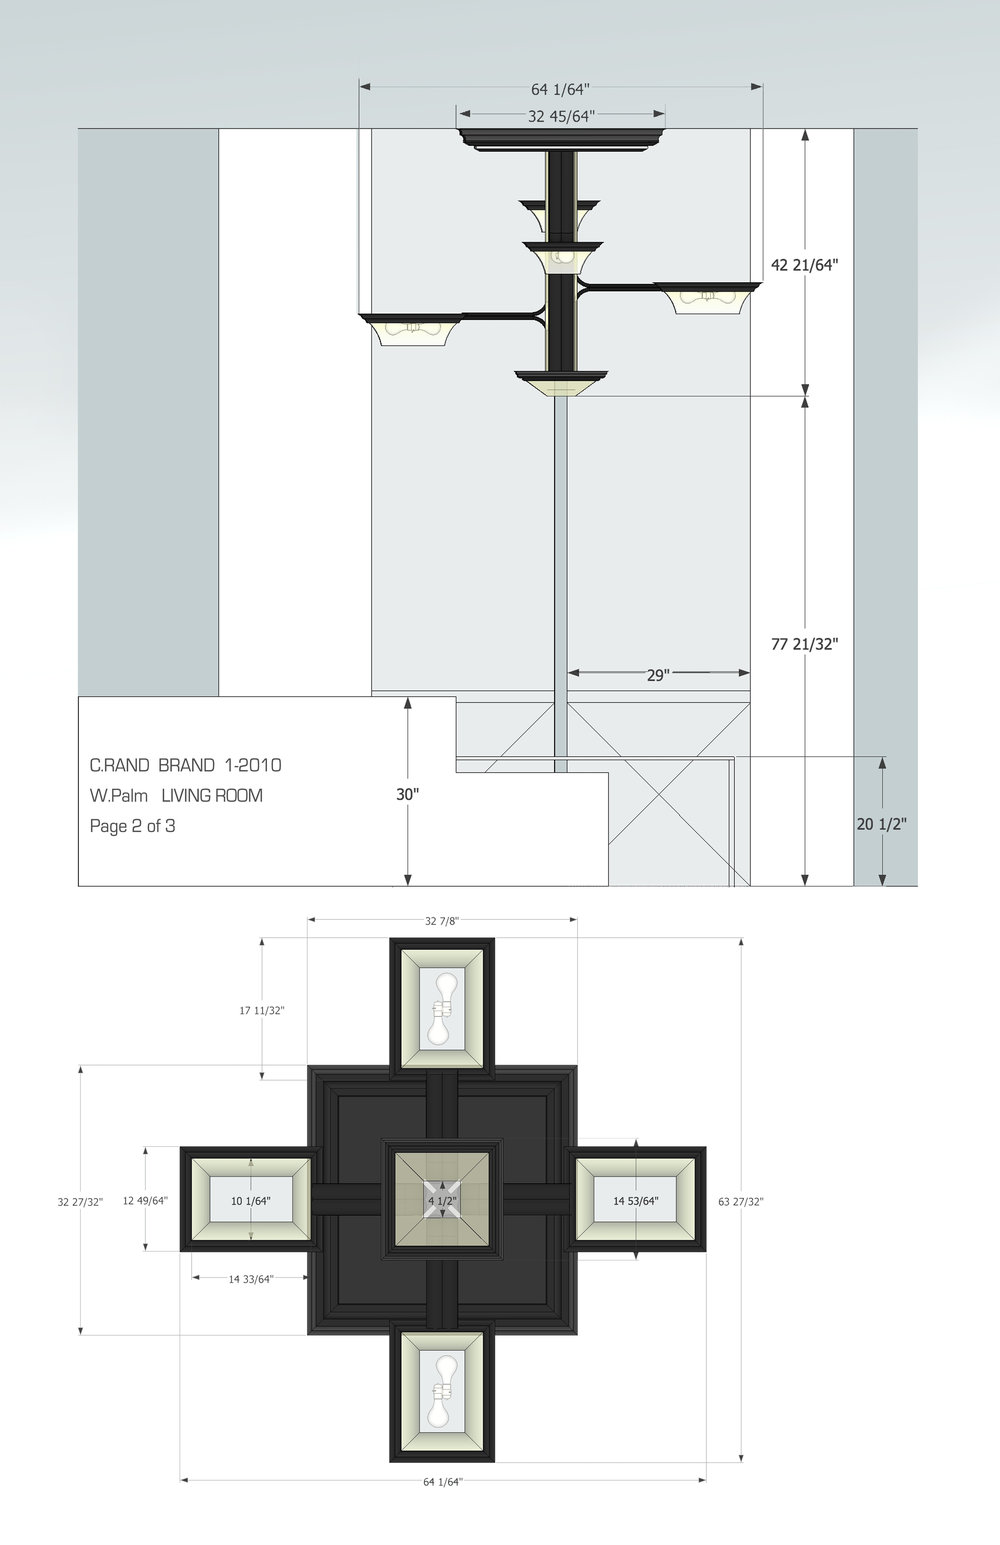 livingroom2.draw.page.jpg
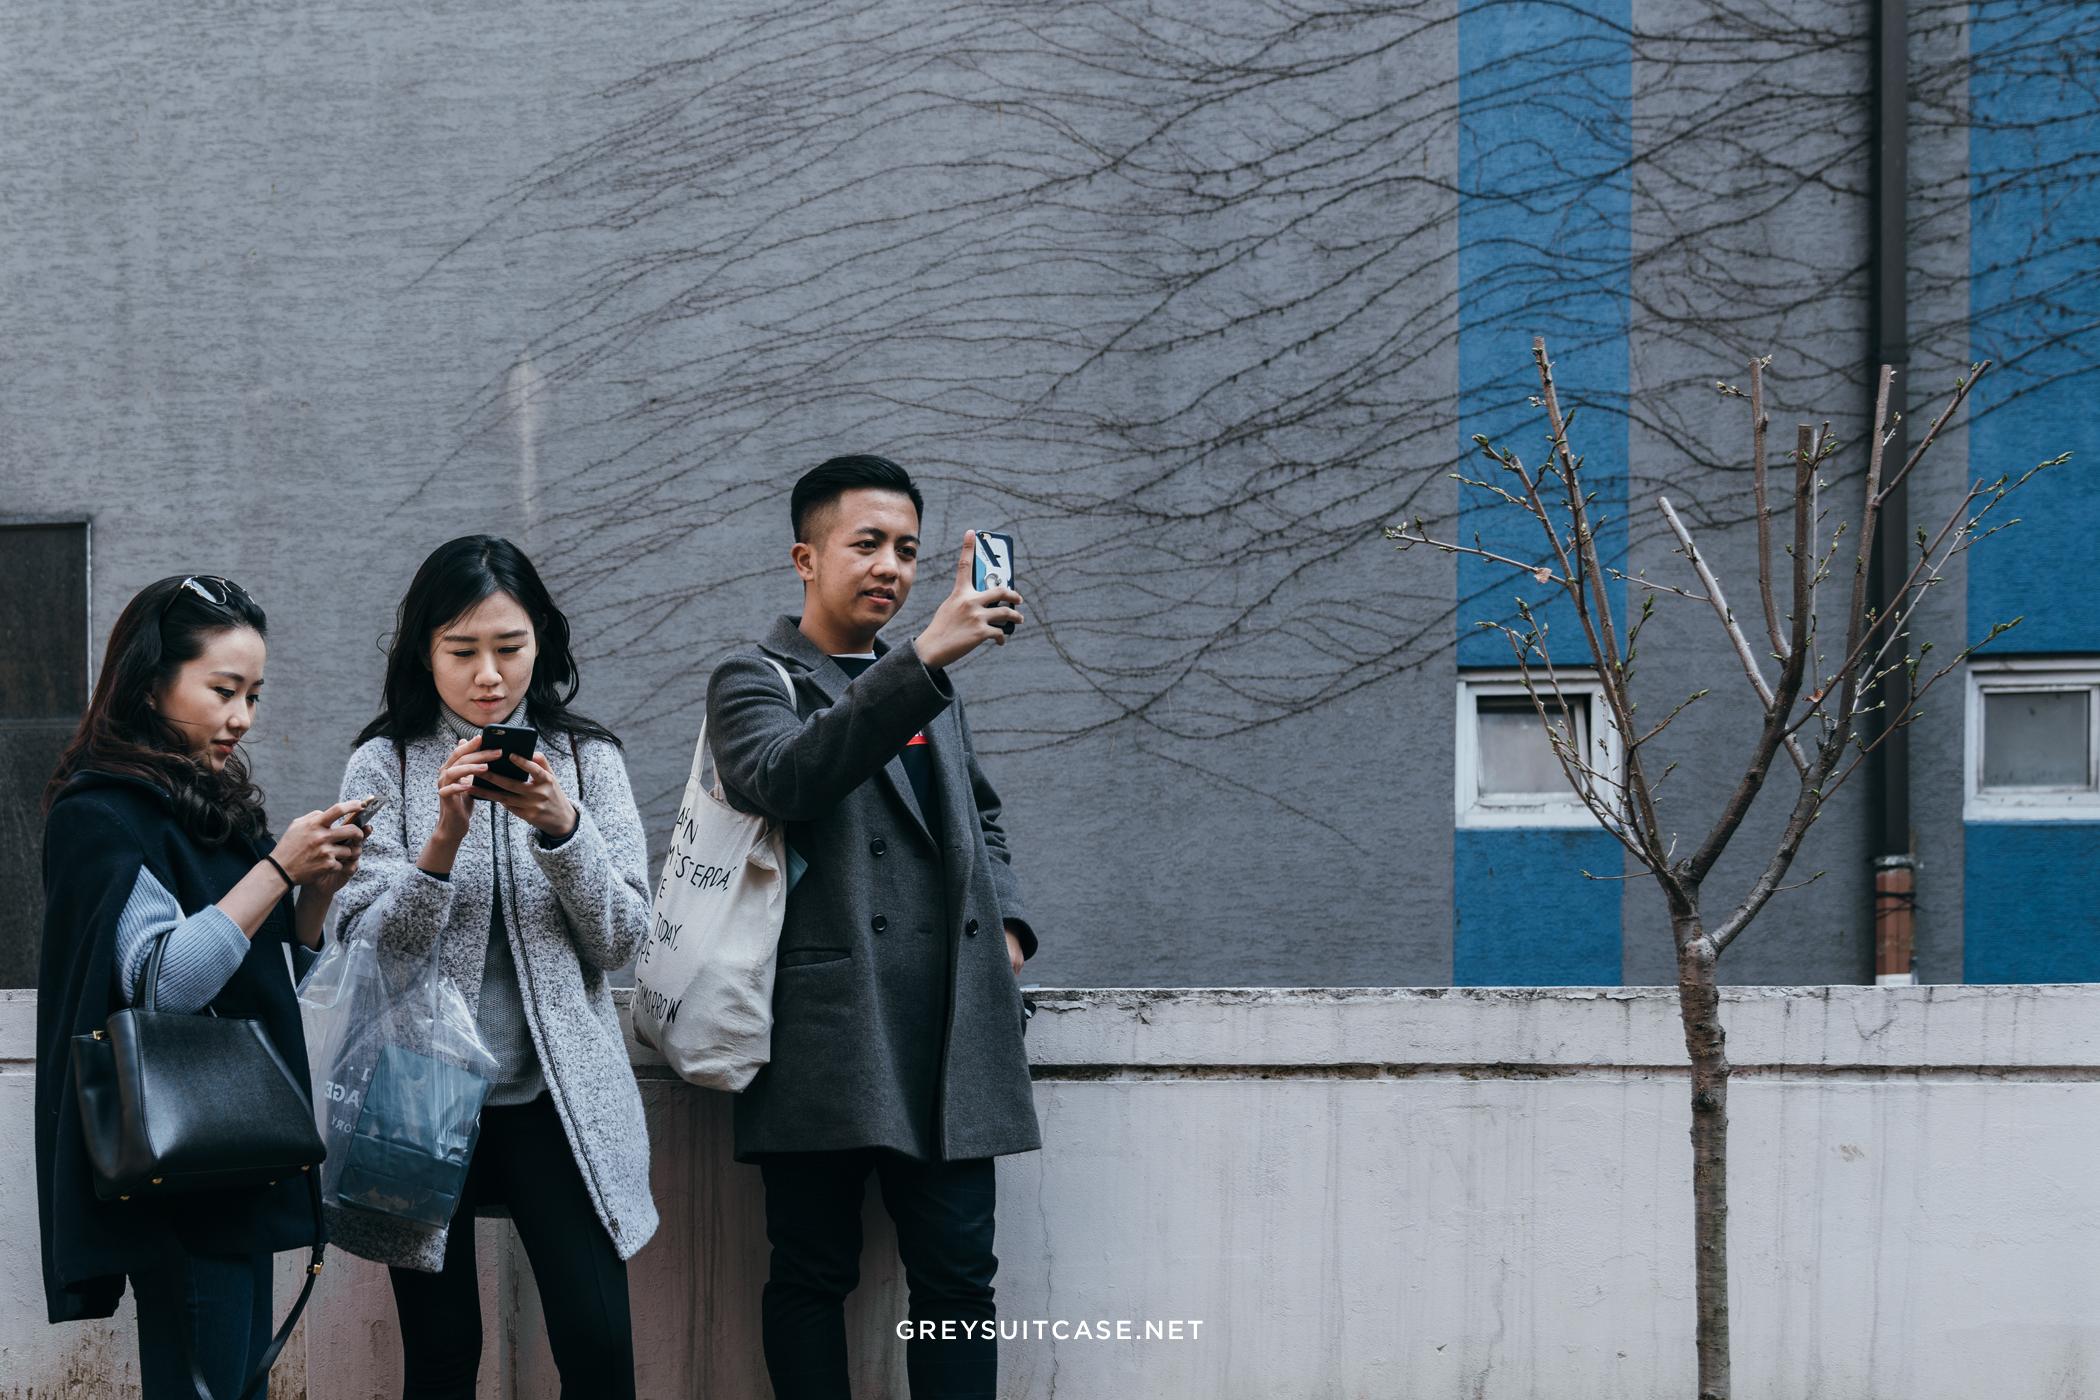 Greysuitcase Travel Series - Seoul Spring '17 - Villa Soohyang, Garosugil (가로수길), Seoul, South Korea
---------------
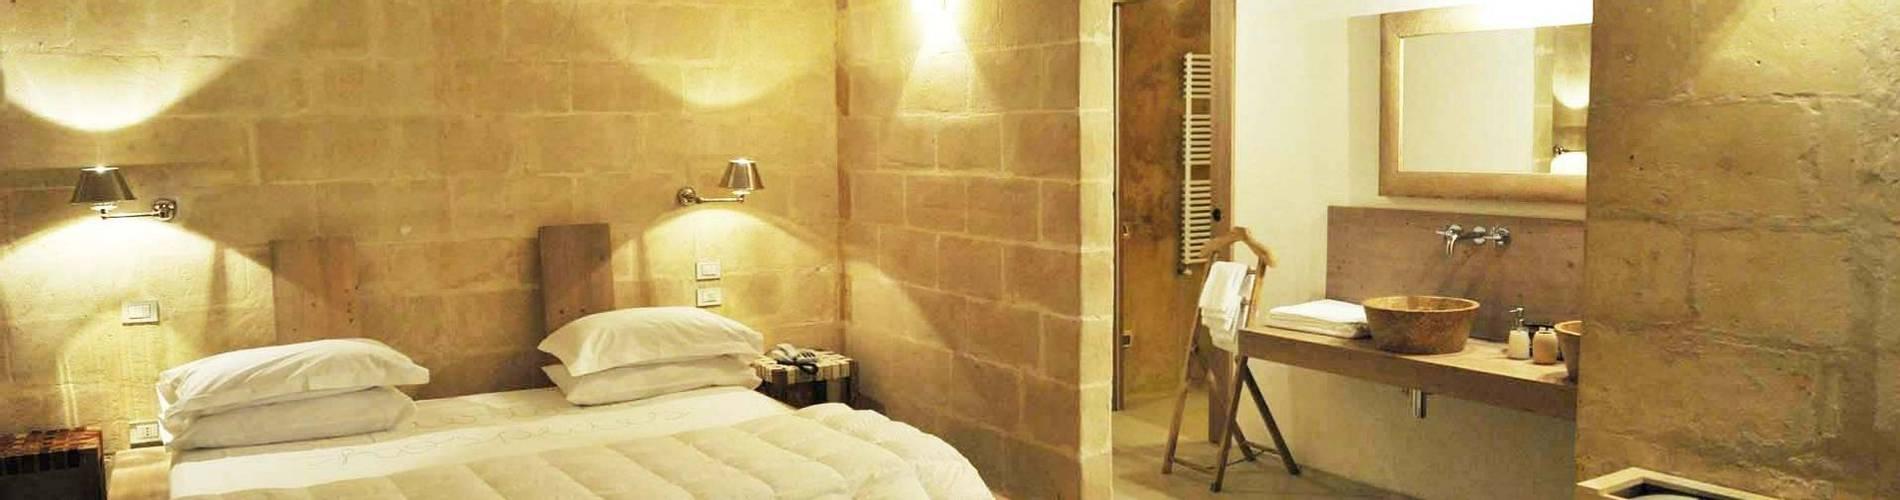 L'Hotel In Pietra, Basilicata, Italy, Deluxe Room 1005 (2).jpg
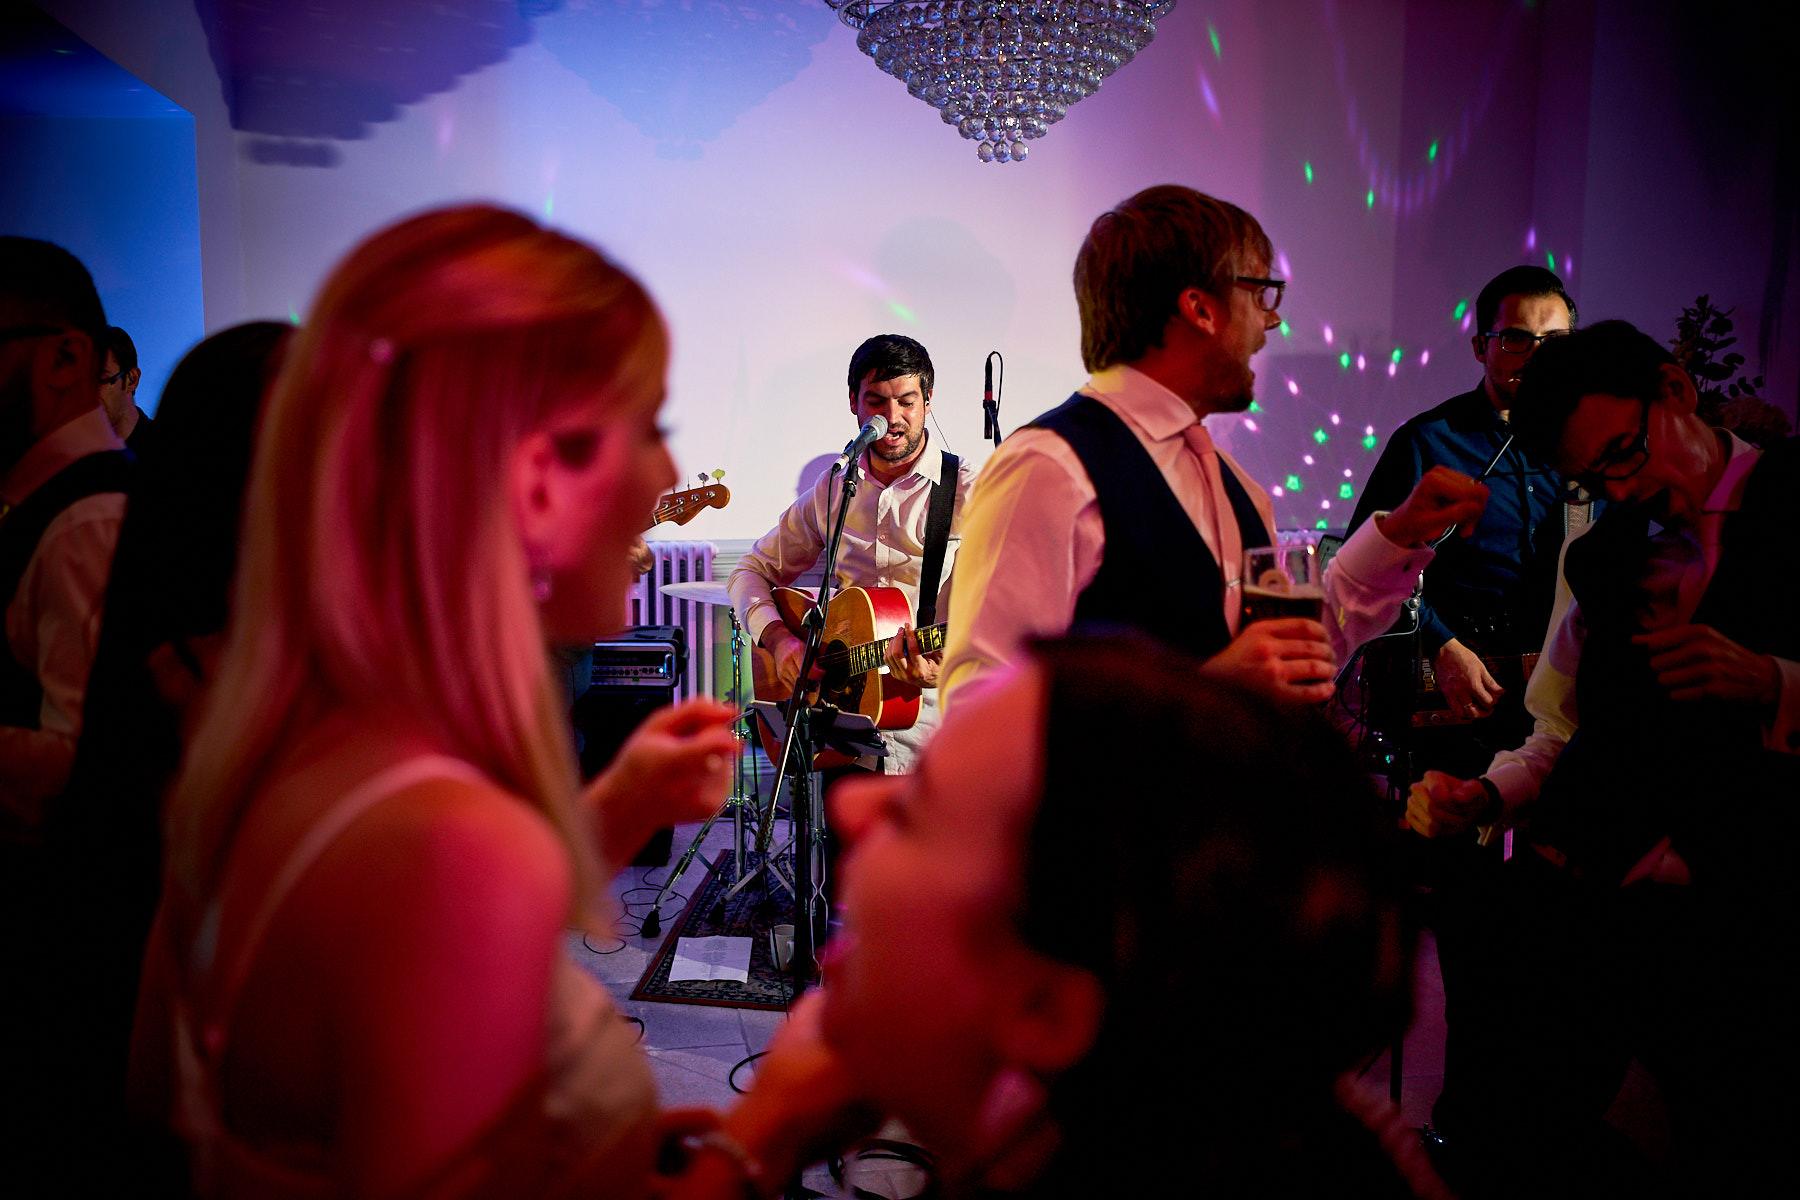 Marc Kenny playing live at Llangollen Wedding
---------------
Pictures in the material above should be skipped; print exactly the lines from the one with "livingroom2.draw.page.jpg" through the one with "Greysuitcase Travel Series".

**Problem solution:**
 livingroom2.draw.page.jpg
 Greysuitcase Travel Series - Seoul Spring '17 - Villa Soohyang, Garosugil (가로수길), Seoul, South Korea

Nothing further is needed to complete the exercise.